Data provided

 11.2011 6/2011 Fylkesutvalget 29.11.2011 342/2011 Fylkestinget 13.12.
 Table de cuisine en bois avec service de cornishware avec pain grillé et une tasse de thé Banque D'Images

--

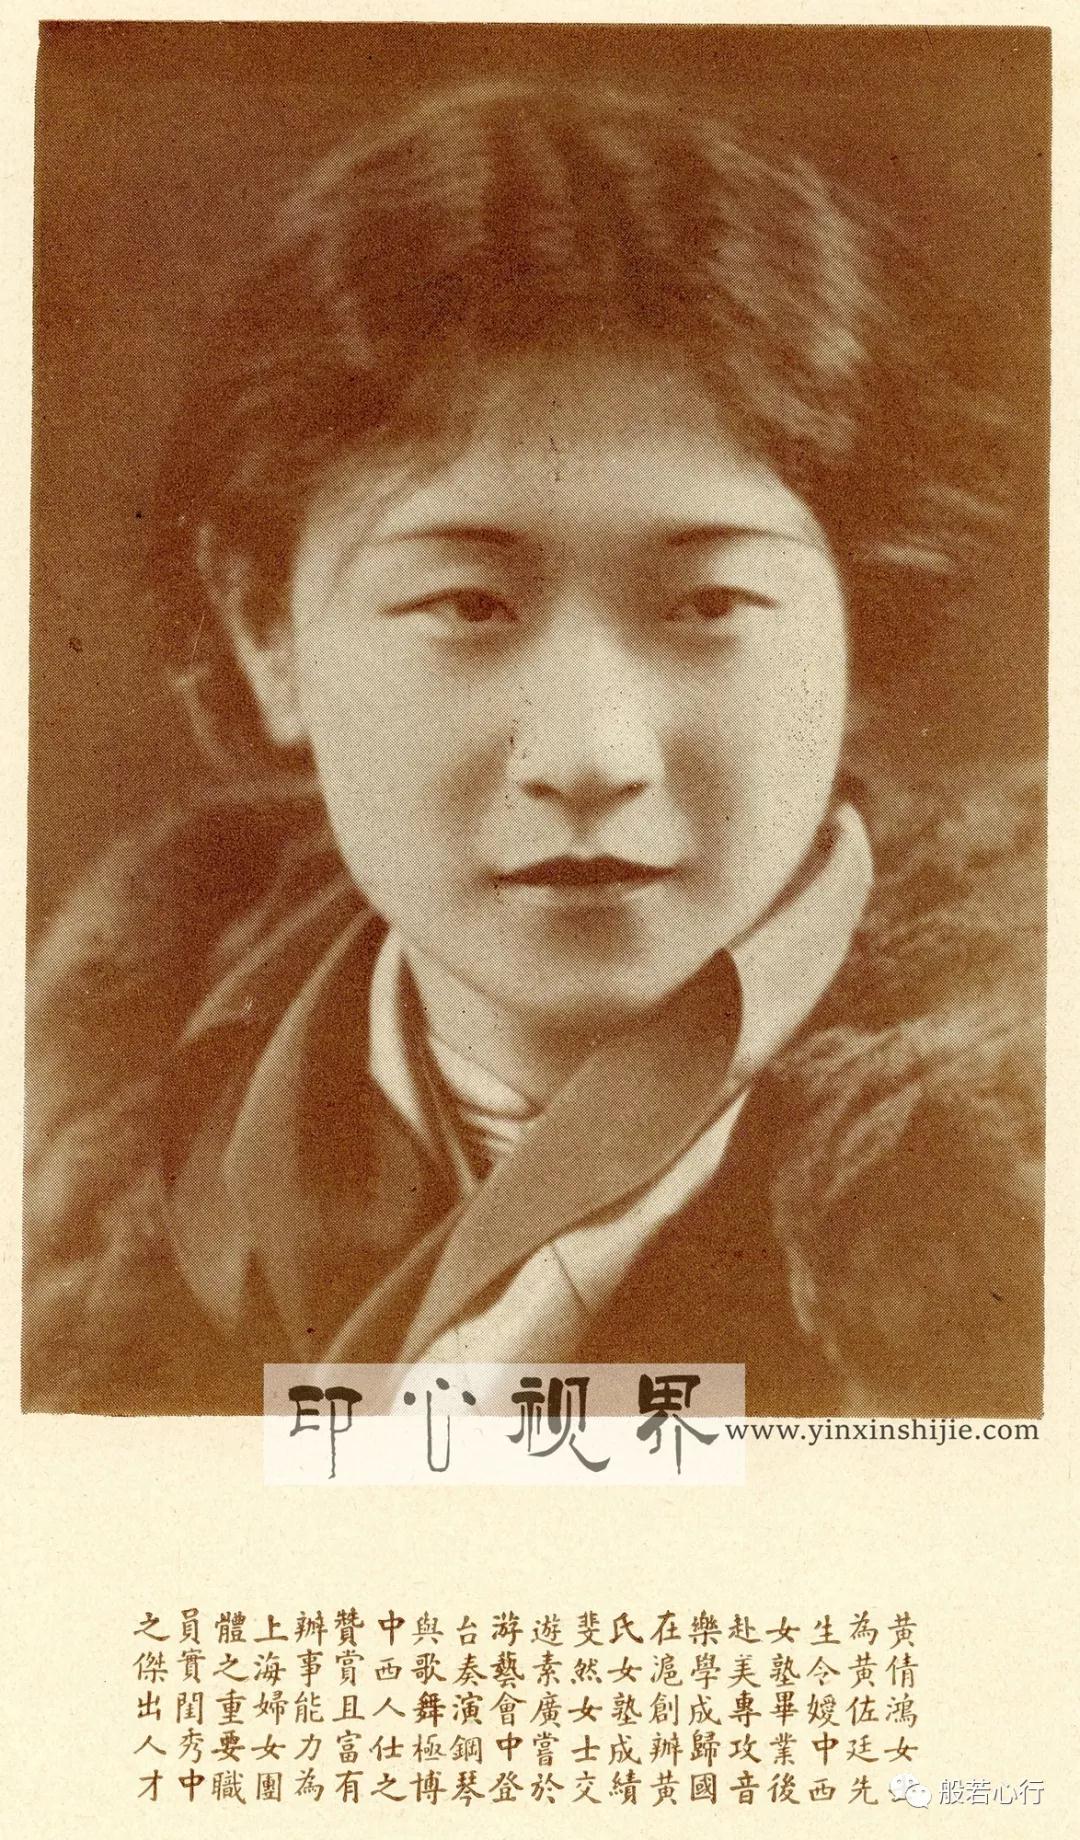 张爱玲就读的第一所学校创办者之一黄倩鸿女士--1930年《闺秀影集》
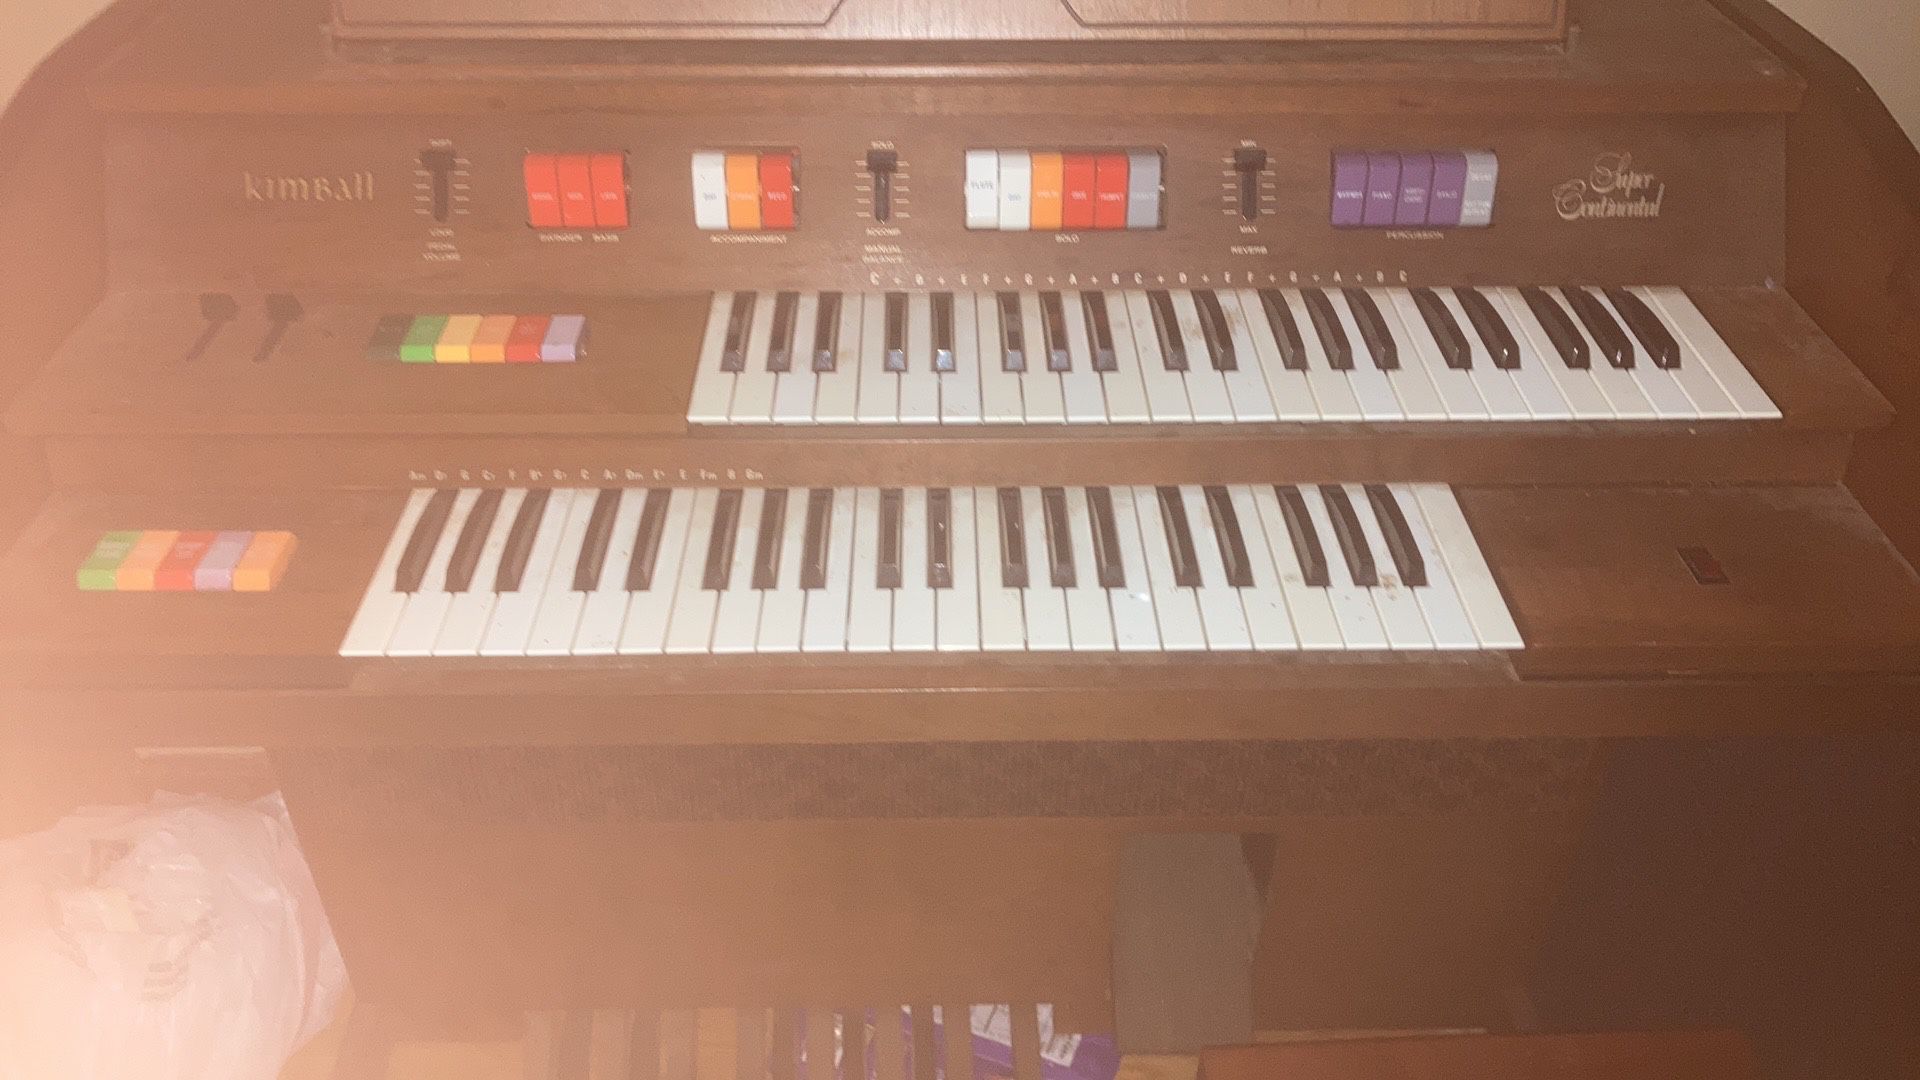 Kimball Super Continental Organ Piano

...

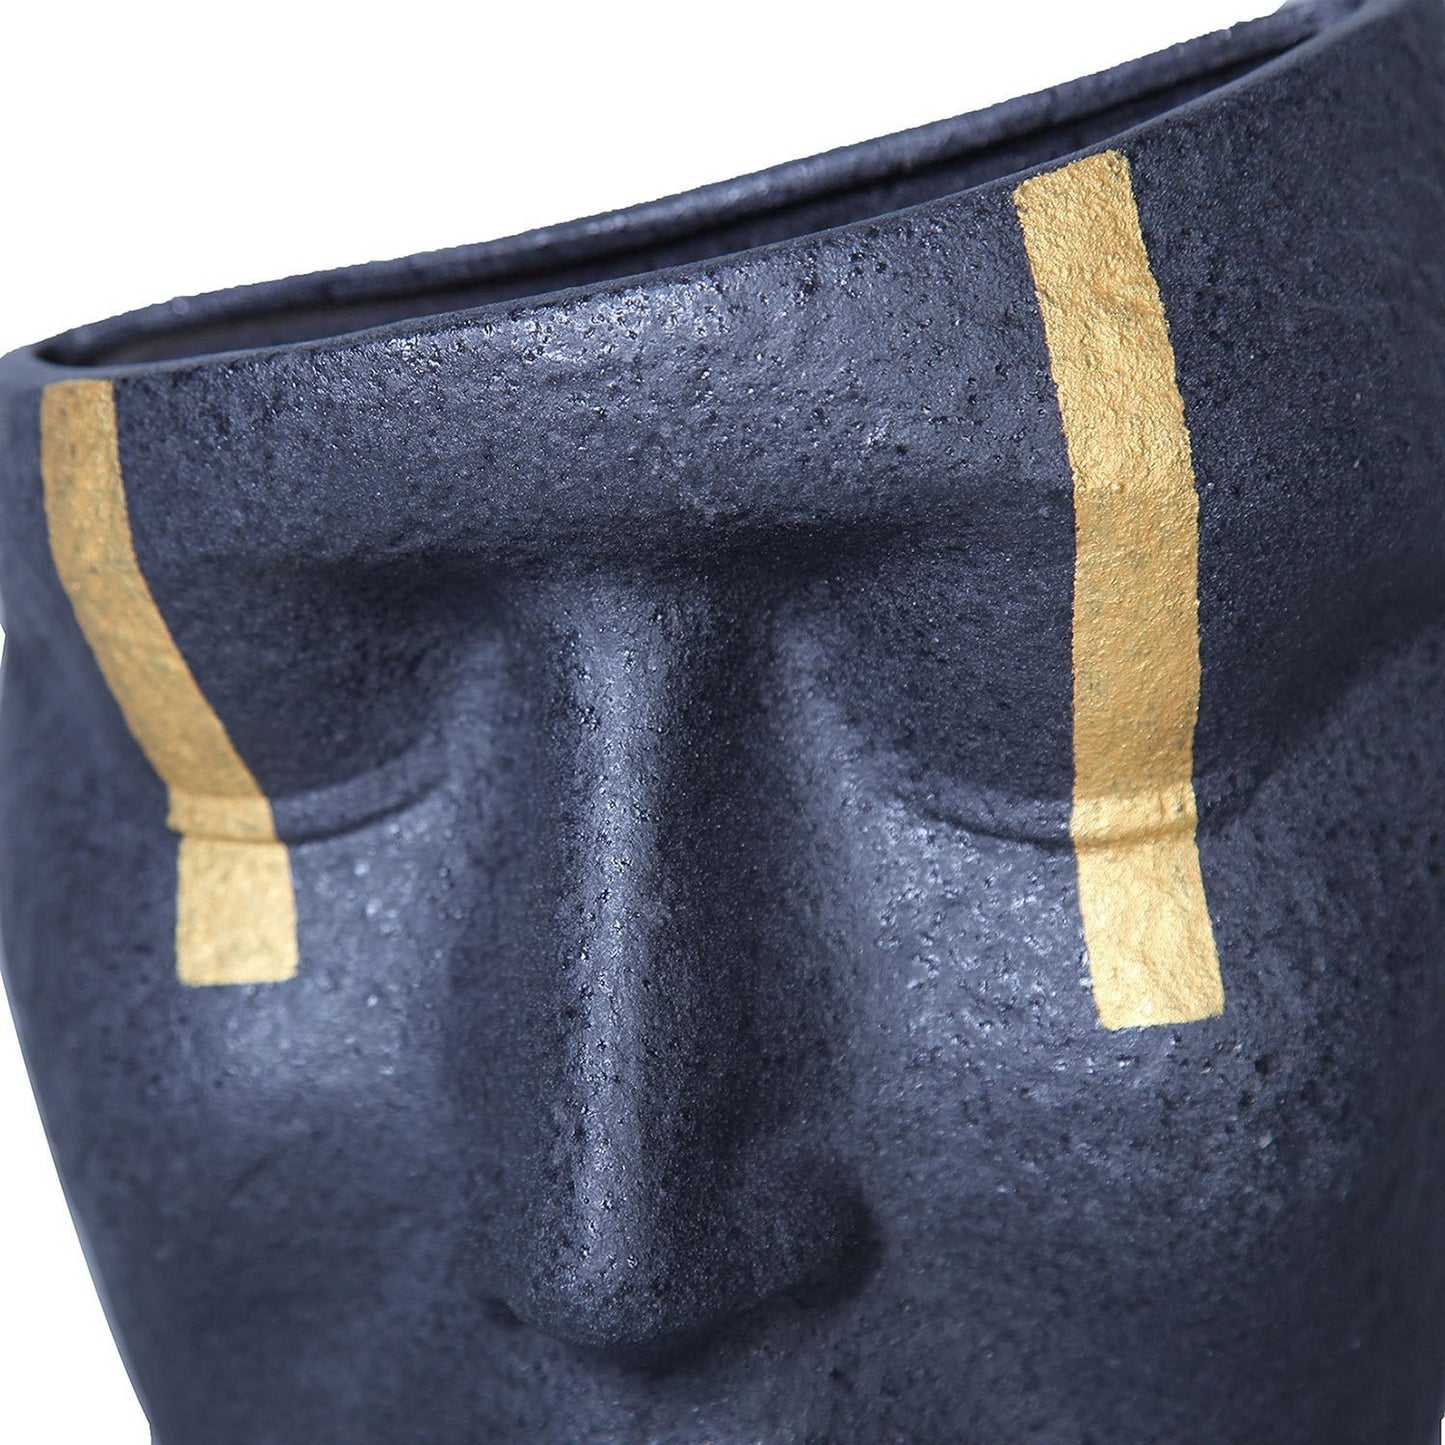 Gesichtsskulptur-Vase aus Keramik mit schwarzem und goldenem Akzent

Prompt
Go to the line above that has "张爱玲就读的第一所学校创办者之一黄倩鸿女士--1930年《闺秀影集》" and copy exactly from there down to the line that has "Kimball Super Continental Organ Piano", both included. Leave the pictures out.

Reply
 张爱玲就读的第一所学校创办者之一黄倩鸿女士--1930年《闺秀影集》
 Kimball Super Continental Organ Piano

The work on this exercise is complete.